**EXERCISE**
From the line containing "An iage reading: Songwriter" to the line containing "A worker cleaning" in the records below, set down every line exactly as it stands, both ends included, and skip the pictures.

**THE RECORDS**
◆ ◆ ◆
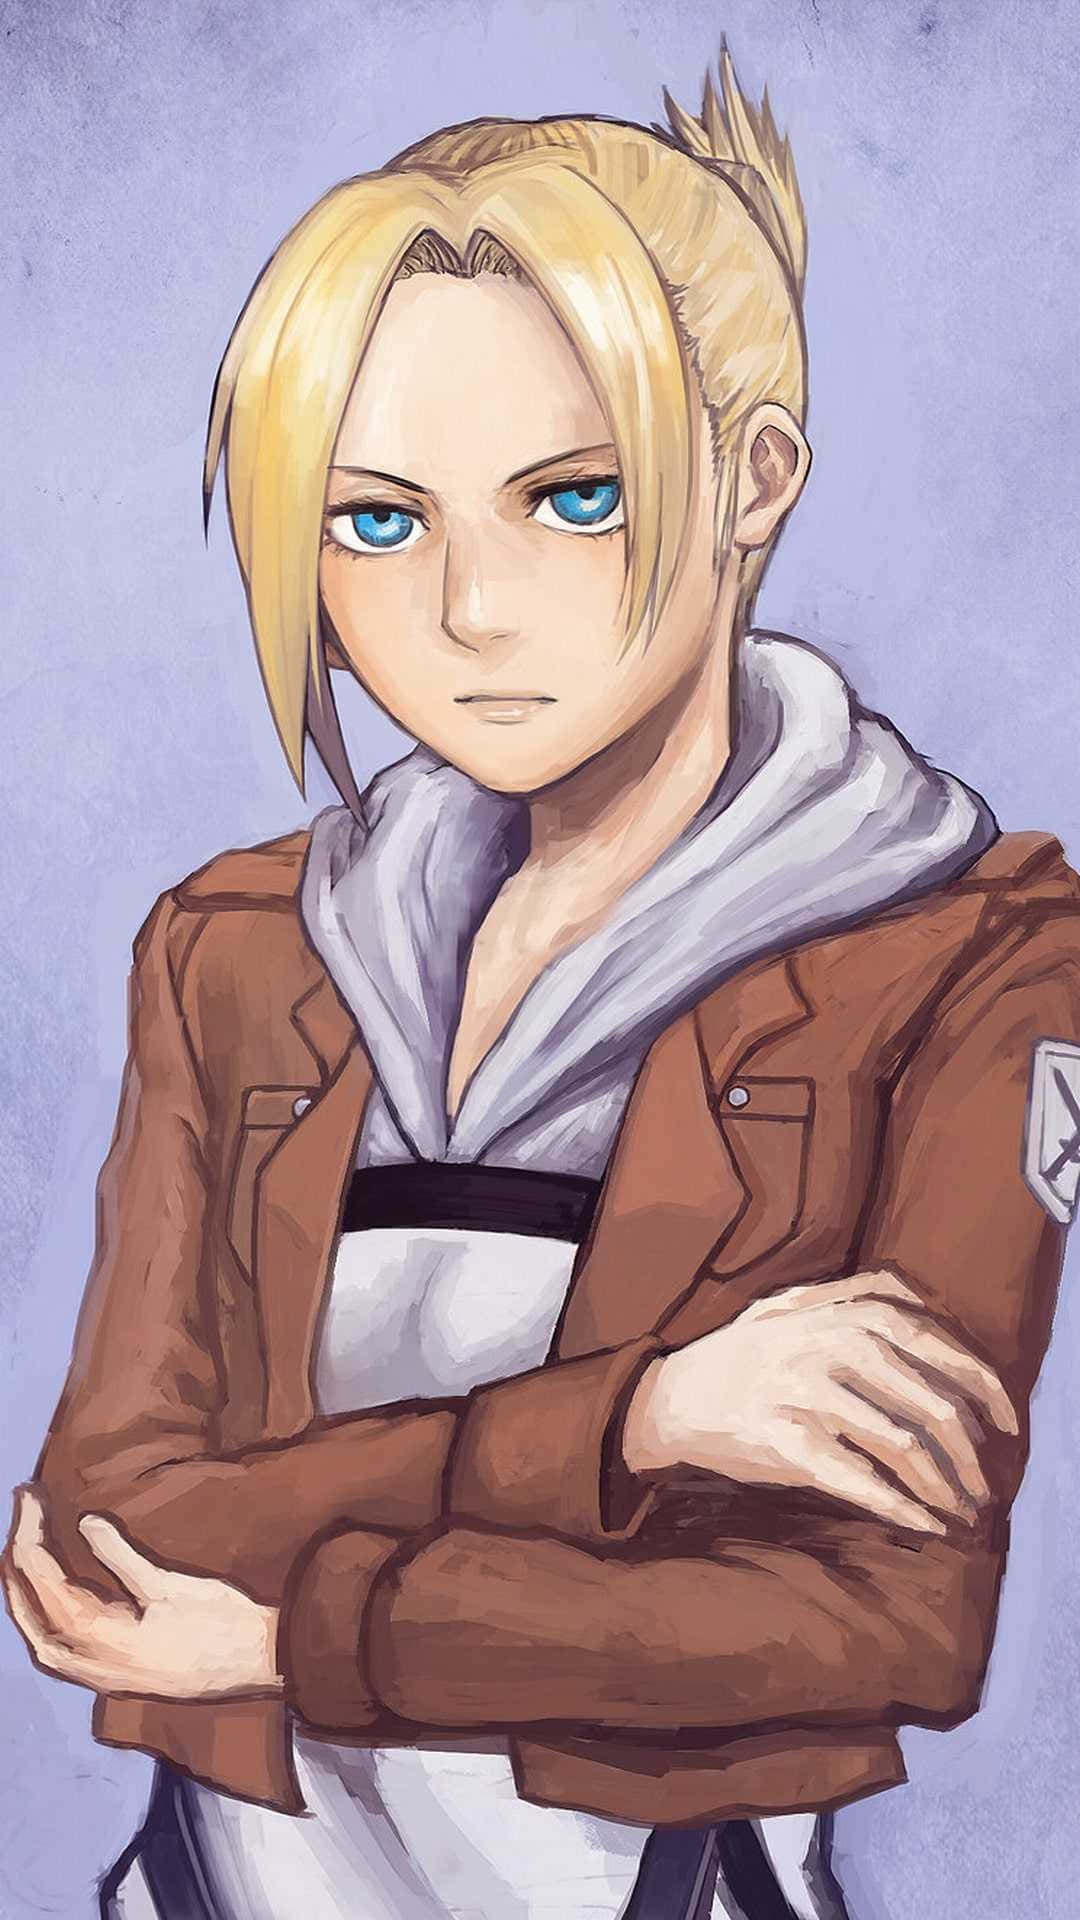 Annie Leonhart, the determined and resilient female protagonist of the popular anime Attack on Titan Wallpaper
◆ ◆ ◆
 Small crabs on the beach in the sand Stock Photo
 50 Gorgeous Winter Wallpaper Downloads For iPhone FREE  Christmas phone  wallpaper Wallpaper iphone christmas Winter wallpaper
◆ ◆ ◆
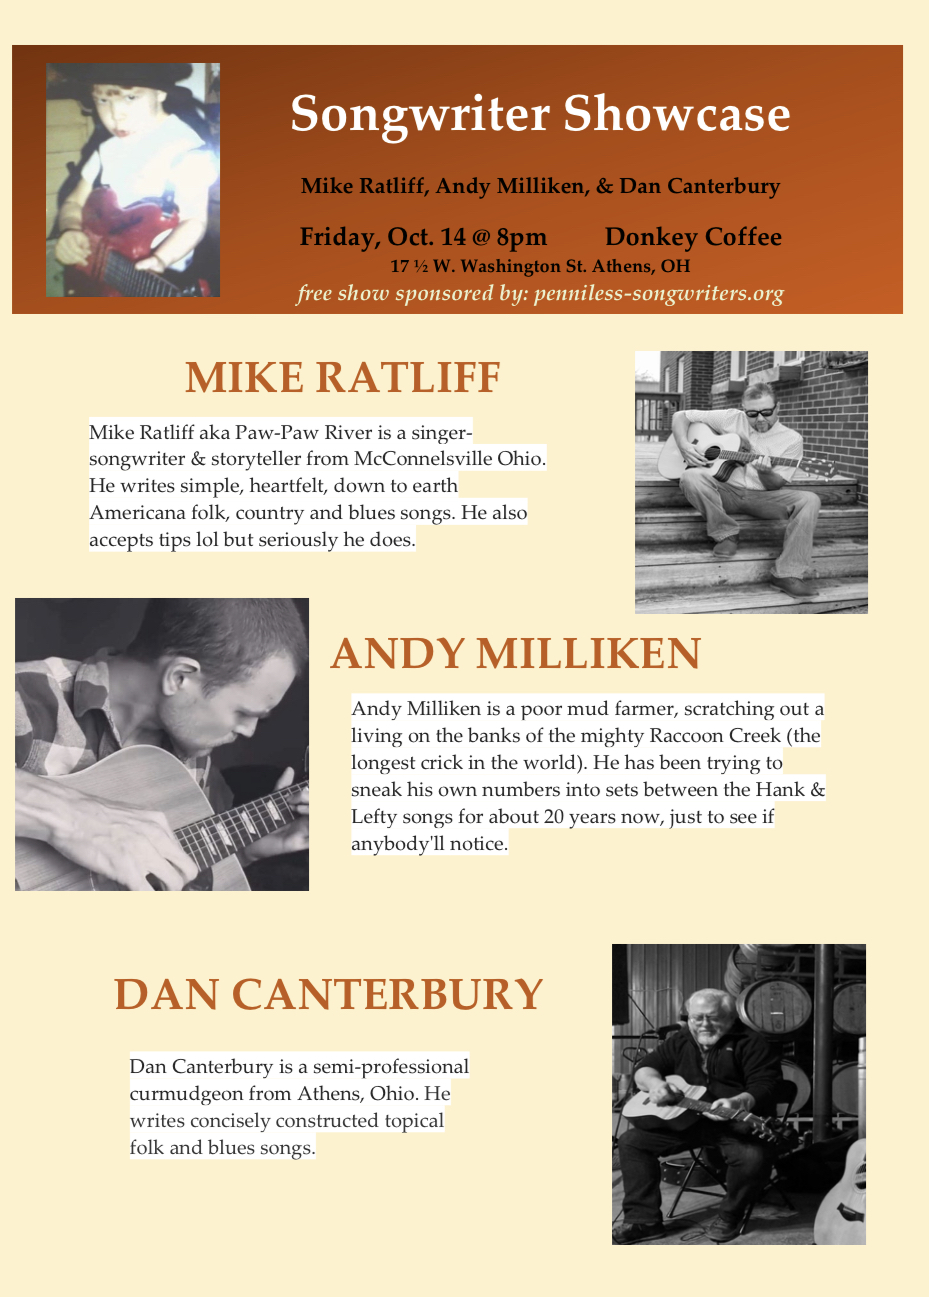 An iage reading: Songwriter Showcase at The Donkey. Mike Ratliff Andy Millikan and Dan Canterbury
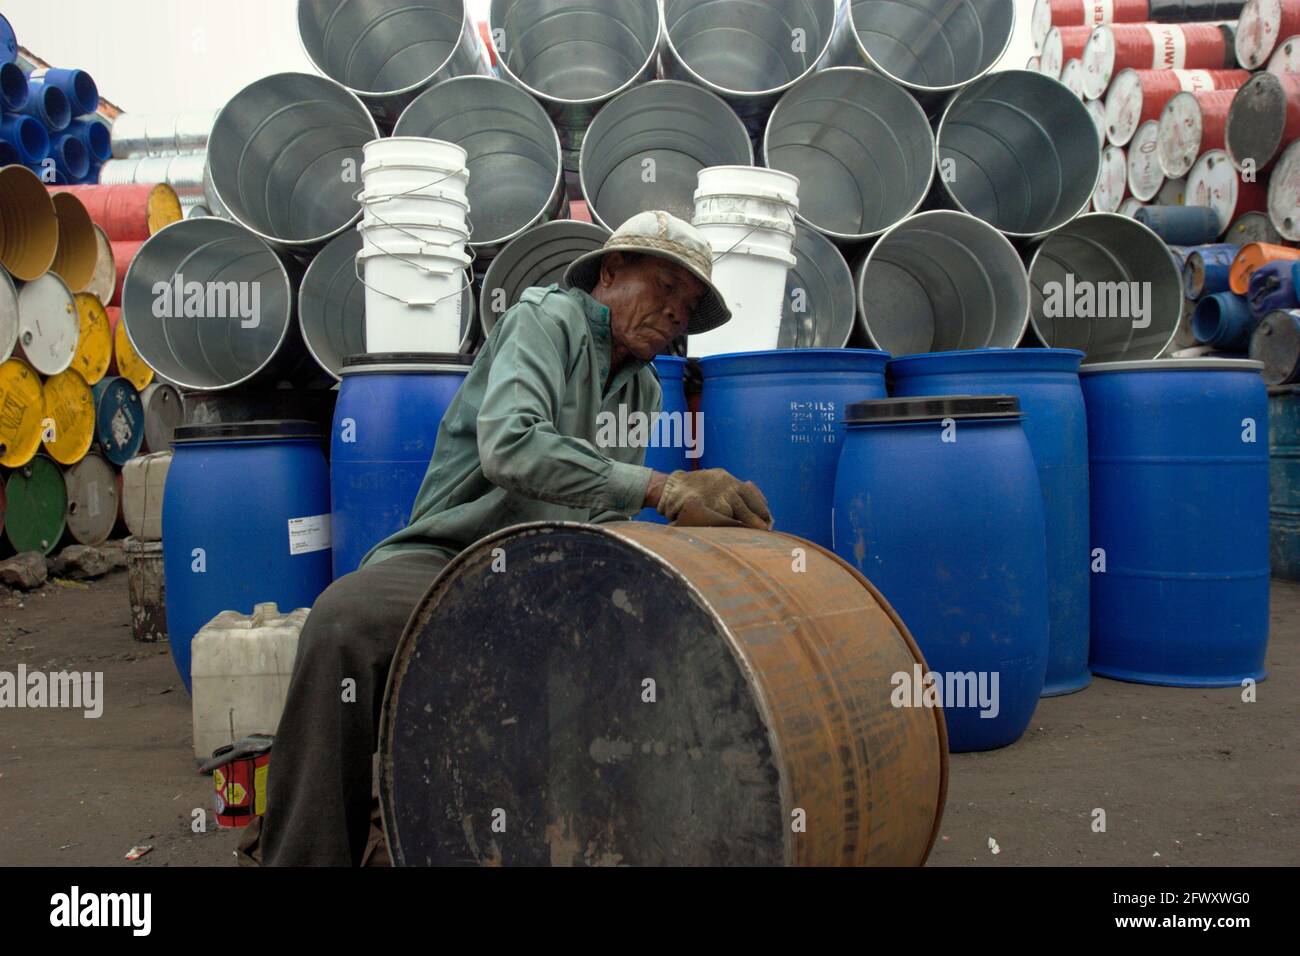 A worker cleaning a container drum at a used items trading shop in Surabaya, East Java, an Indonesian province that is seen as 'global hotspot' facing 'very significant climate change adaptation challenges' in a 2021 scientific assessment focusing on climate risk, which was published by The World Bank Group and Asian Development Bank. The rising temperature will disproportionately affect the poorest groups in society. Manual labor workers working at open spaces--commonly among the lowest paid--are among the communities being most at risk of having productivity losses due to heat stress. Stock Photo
◆ ◆ ◆
**RESULT OF THIS TASK**
 An iage reading: Songwriter Showcase at The Donkey. Mike Ratliff Andy Millikan and Dan Canterbury
 A worker cleaning a container drum at a used items trading shop in Surabaya, East Java, an Indonesian province that is seen as 'global hotspot' facing 'very significant climate change adaptation challenges' in a 2021 scientific assessment focusing on climate risk, which was published by The World Bank Group and Asian Development Bank. The rising temperature will disproportionately affect the poorest groups in society. Manual labor workers working at open spaces--commonly among the lowest paid--are among the communities being most at risk of having productivity losses due to heat stress. Stock Photo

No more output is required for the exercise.